- Catcher
- Born: December 28, 1921 Cincinnati, Ohio, U.S.
- Died: April 12, 2001 (aged 79) Largo, Florida, U.S.
- Batted: RightThrew: Right

MLB debut
- June 5, 1955, for the St. Louis Cardinals

Last MLB appearance
- September 21, 1955, for the St. Louis Cardinals

MLB statistics
- Batting average: .276
- Home runs: 0
- Runs batted in: 15
- Stats at Baseball Reference

Teams
- St. Louis Cardinals (1955);

= Nelson Burbrink =

American baseball player (1921–2001)

Nelson Edward Burbrink (December 28, 1921 – April 12, 2001) was an American professional baseball player and scout. A native of Cincinnati, Ohio, he was signed by the Chicago Cubs as an amateur free agent before the 1941 season and served in the United States Navy during World War II. After almost a dozen years playing in the minor leagues, Burbrink finally made it to Major League Baseball at the age of 33 with the St. Louis Cardinals.

After being called up to the big leagues in June 1955, Burbrink shared catching duties with teammate Bill Sarni for the remainder of the season. He made his major league debut on June 5 during a doubleheader against the Brooklyn Dodgers at Ebbets Field. He appeared in 58 games for St. Louis, going 47-for-170 (.276) with eight doubles, one triple, no home runs, 15 runs batted in, and 11 runs scored. He had a .333 on-base percentage and a slugging percentage of .335.

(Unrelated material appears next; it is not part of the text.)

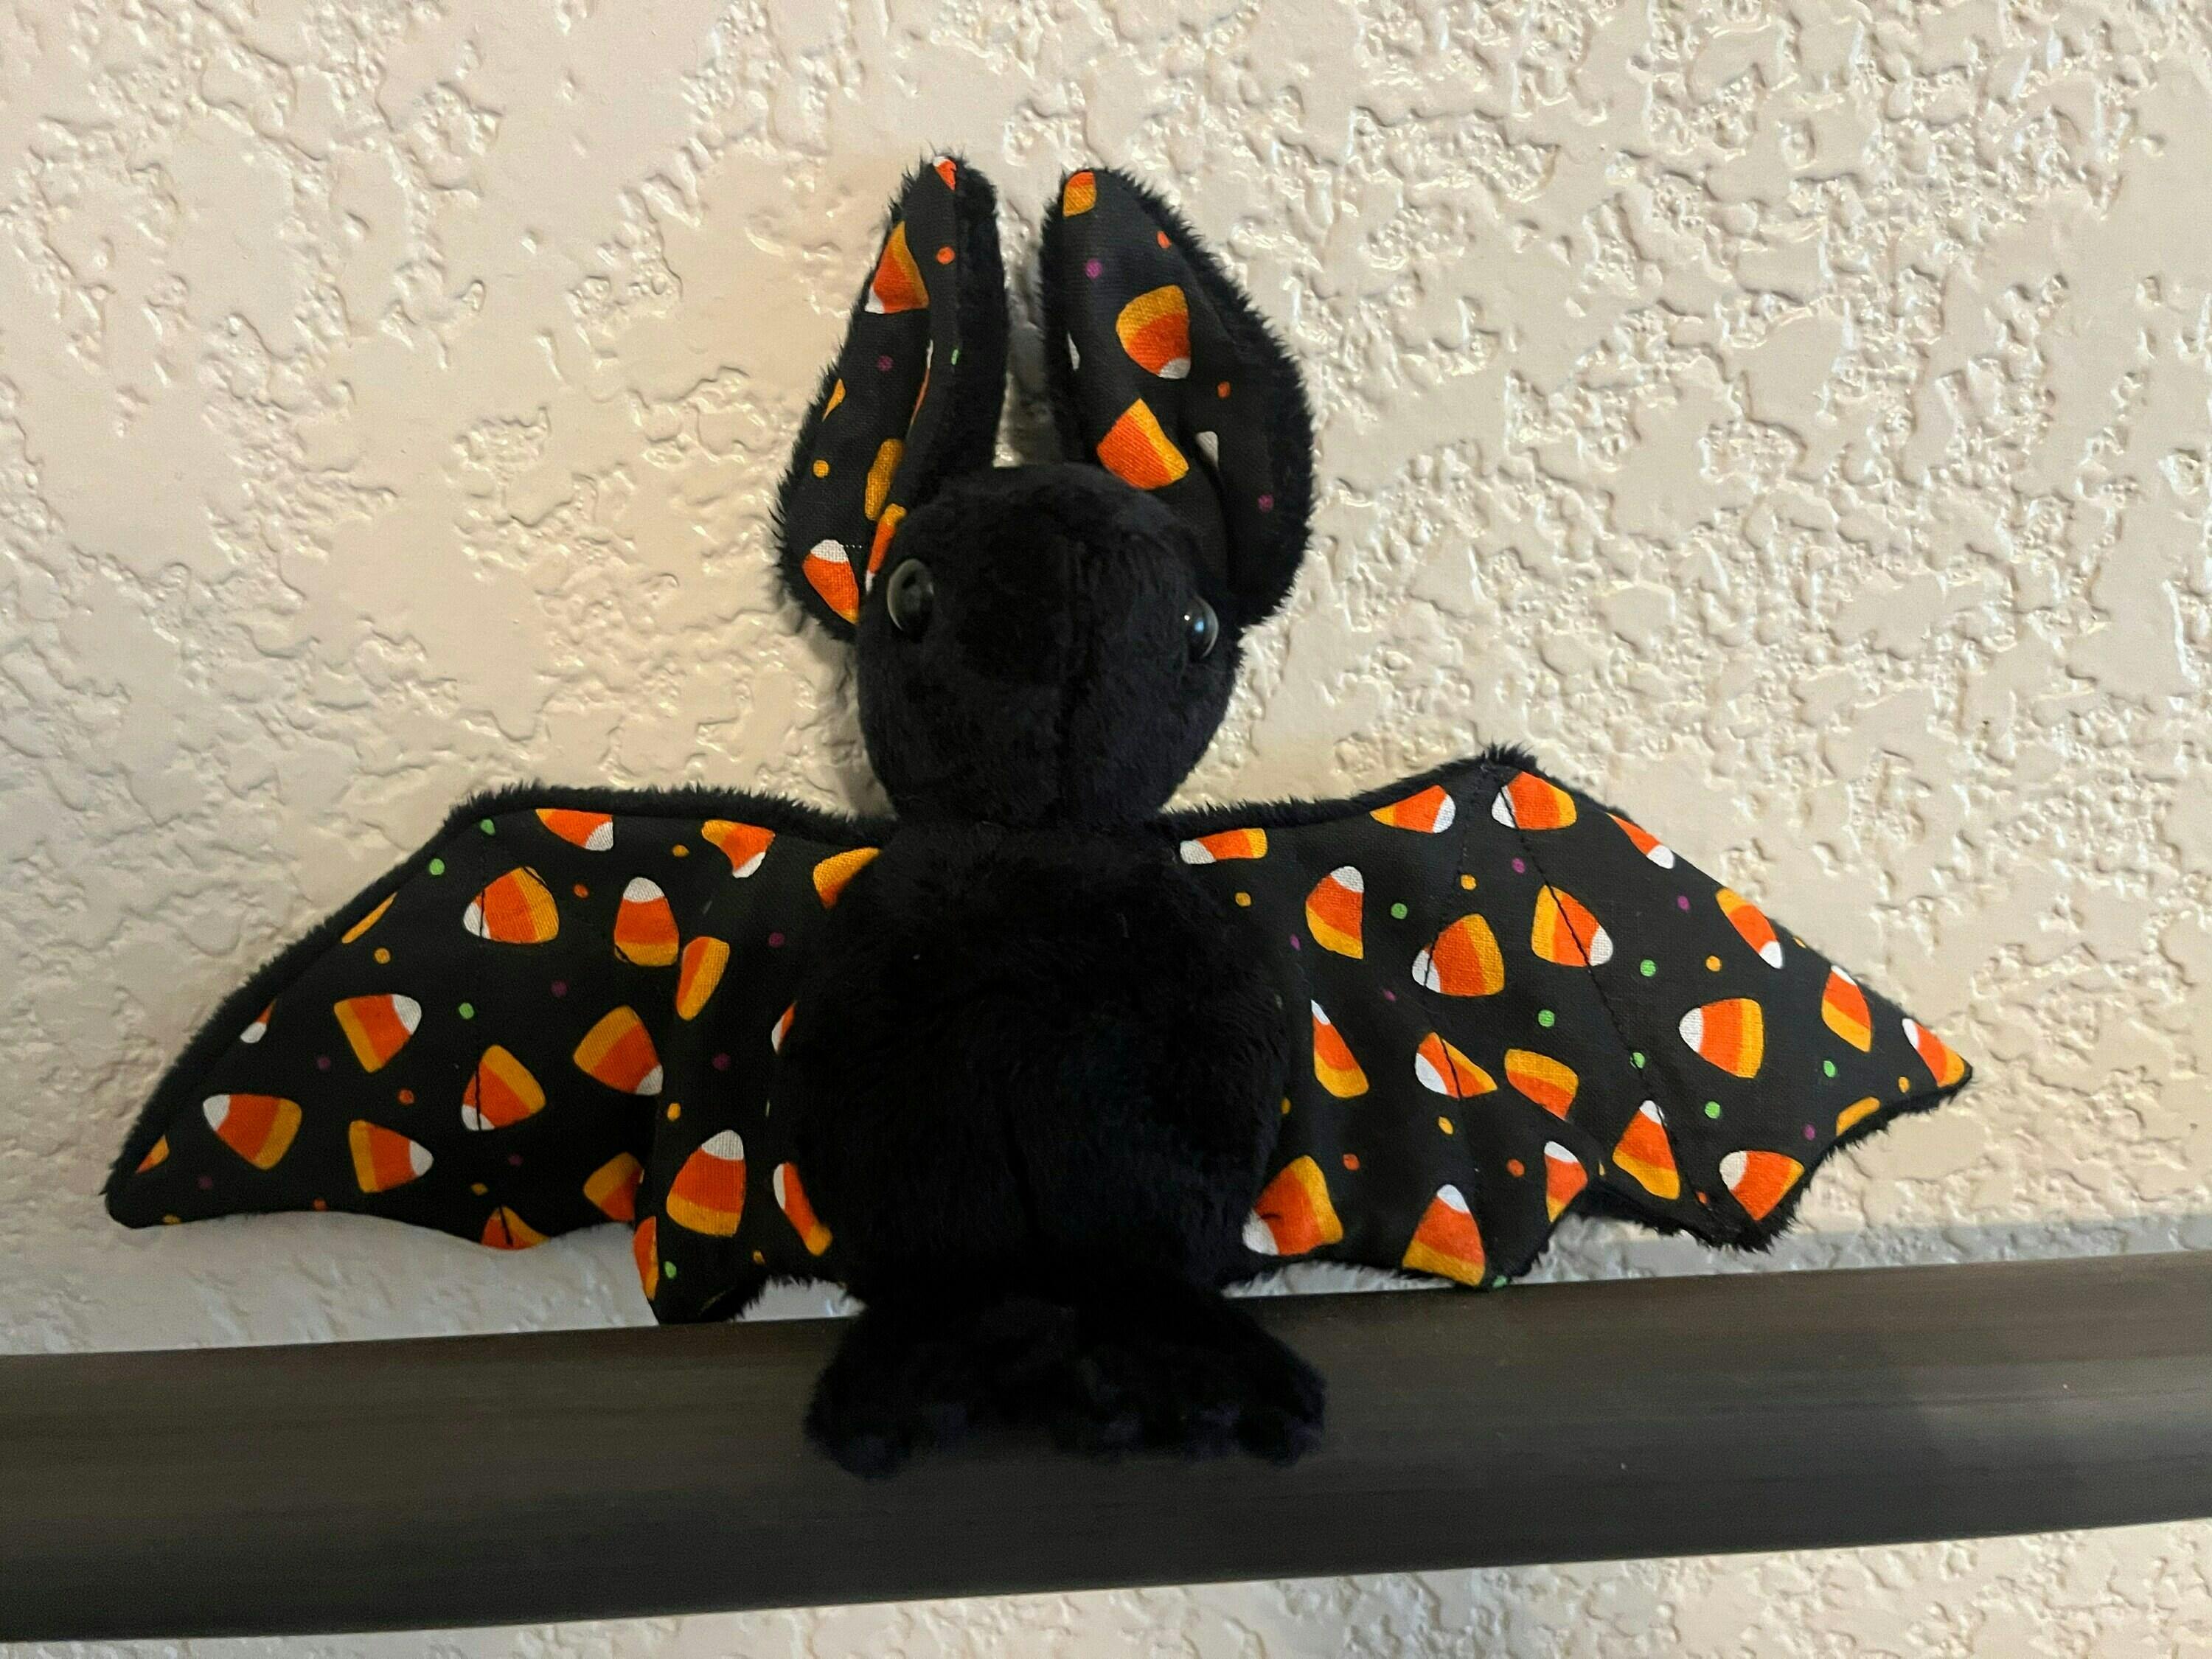 Bat Stuffed Animal Sewing Pattern - Digital Download

Defensively, he recorded 261 putouts, 24 assists, six errors, and participated in four double plays. His fielding percentage was .979, slightly under the league average that season.

After his playing career ended, Burbrink scouted for the Cardinals, New York Mets and Milwaukee Brewers. He served as the Mets' scouting director (1968–72) and director of player development (1973–78).

Burbrink died of cancer in Largo, Florida, at the age of 79.